Micah hatte es bereits bis zu seinem alten Rennrad geschafft, als sich plötzlich einer dieser Schnösel vor ihm aufbaute. Kyle. Der Typ mit dem albernen Namen. Micah hatte ihn schon ein paarmal irgendwo an der Uni gesehen. Er war ein Kommilitone von Ben oder einem seiner zahlreichen Freunde. Ben behauptete, Kyle hieße in Wahrheit Konrad und hätte sich selbst einen neuen Namen verpasst. Aber Ben schwatzte viel.

»Bist du nicht dieses Genie, von dem alle reden?«, fragte Kyle oder eben Konrad. »Der mit der Weltformel?«

Micah fuhr sich verlegen durch die Haare. Er mochte es nicht, wenn Ben sein Projekt als Aufreißer benutzte. Die meisten verstanden Micahs Idee ohnehin nicht. Aber Kyle hatte offenbar echtes Interesse. Denn kurze Zeit später stellte er bereits Fragen über Fragen, nicht nach den Tricks in der Programmierung. Ihn interessierte offenbar die Anwendung. Also begann Micah, es ihm zu erklären. Irgendwie hatten sie geredet und geredet. Über Industriespionage und Gewaltverbrechen, Steuerhinterziehung und Kindesmissbrauch. Micah träumte von seinem Code. Kyle davon, ihn einzusetzen. Die Party war längst vorbei. Der Morgen graute, als sie sich endlich voneinander verabschiedeten. Micah fuhr mit dem seltsamen Gefühl nach Hause, vielleicht doch kein ganz so sonderbarer Spinner zu sein, wie er dachte.
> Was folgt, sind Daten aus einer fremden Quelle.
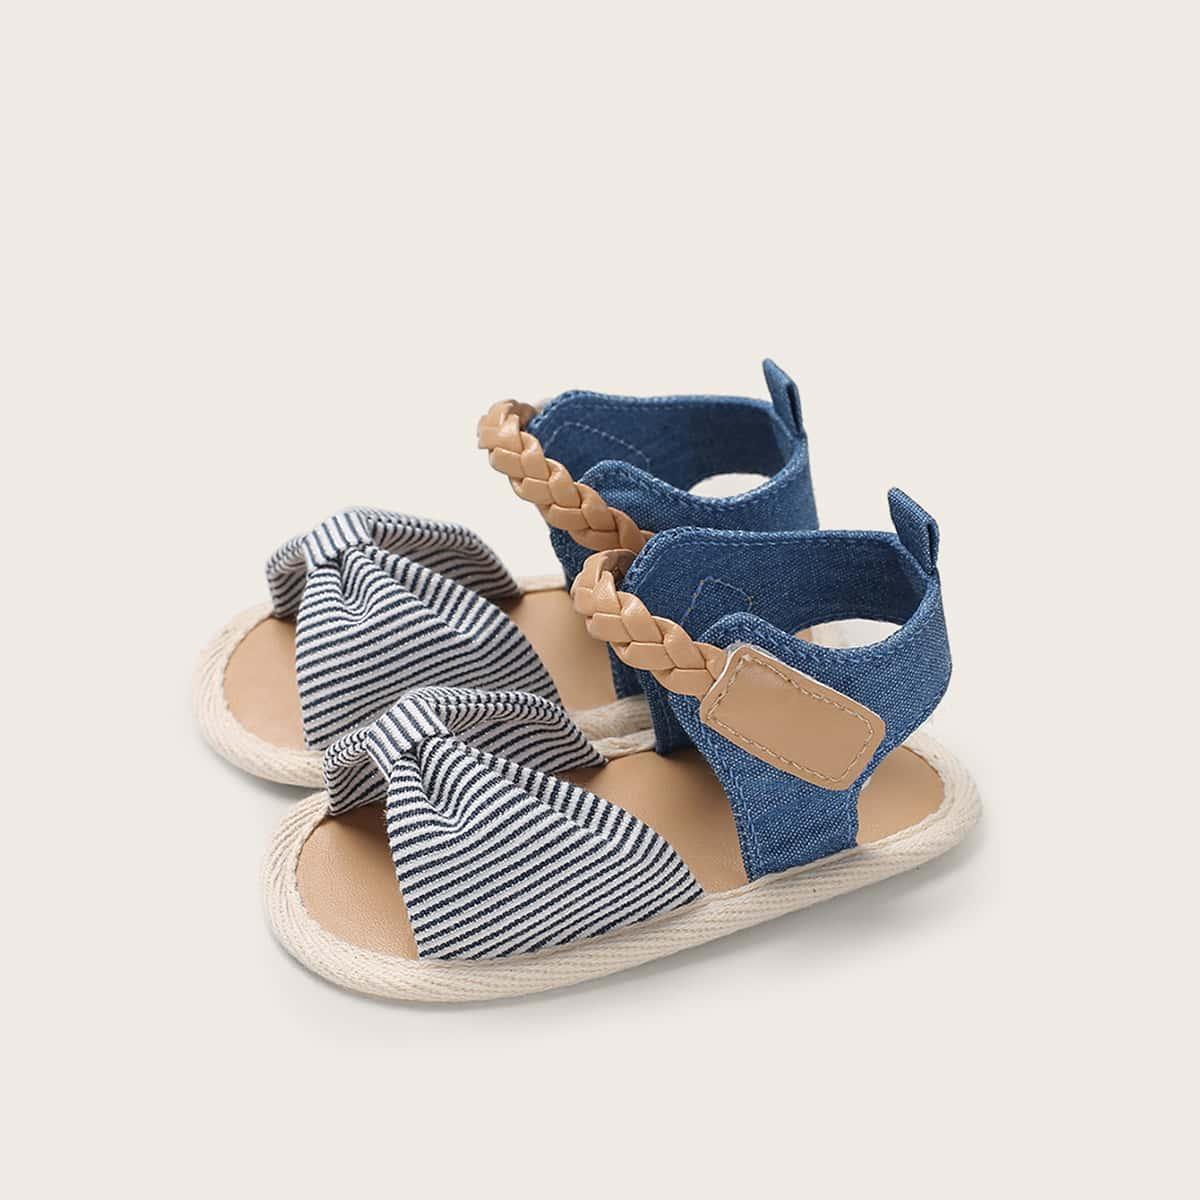 Полосатые сандалии с открытой пяткой для девочек от SHEIN

Jetzt gab es zumindest einen Menschen, der das unglaubliche Potenzial seines Codes begriff, den Nutzen für die gesamte Menschheit, und der vielleicht sogar bereit war, ihn, Micah, bei der Umsetzung zu unterstützen.

»Ohne Kyle wäre ich verloren gewesen«, gibt Micah zu und schaut für einen Moment direkt in die Kamera. »Er ist der wirtschaftliche Kopf des Unternehmens. Ohne ihn würde ich immer noch in meiner Studentenbude hocken, und Cyb wäre nur mein Traum. Kyle hat meine Idee der Öffentlichkeit zugänglich gemacht.«

»Also bin ich der Kopf, aber Micah ist das Herz von Cyb-Systems«, ergänzt Kyle.

Die Kamera schwenkt wieder zur Moderatorin. »Harmonische Zusammenarbeit also. Wäre das nicht auch was für Sie und die Opposition, Herr Innenminister?«

Kübler lacht polternd. Die Kameras richten sich jetzt auf ihn, sodass Micah endlich dazu kommt, einen Schluck Wasser zu trinken.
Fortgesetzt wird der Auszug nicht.